§ **Dataset extract**:
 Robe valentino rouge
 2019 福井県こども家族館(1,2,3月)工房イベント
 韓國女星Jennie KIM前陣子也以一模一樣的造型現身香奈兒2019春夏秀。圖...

§ **Task requirements**: The expected output is the run of lines from the one that includes "2019 福井県こども家族館(1,2,3月)工房イベント" through the end of the listing above, exactly as they stand.

§ **Output of the task**:
 2019 福井県こども家族館(1,2,3月)工房イベント
 韓國女星Jennie KIM前陣子也以一模一樣的造型現身香奈兒2019春夏秀。圖...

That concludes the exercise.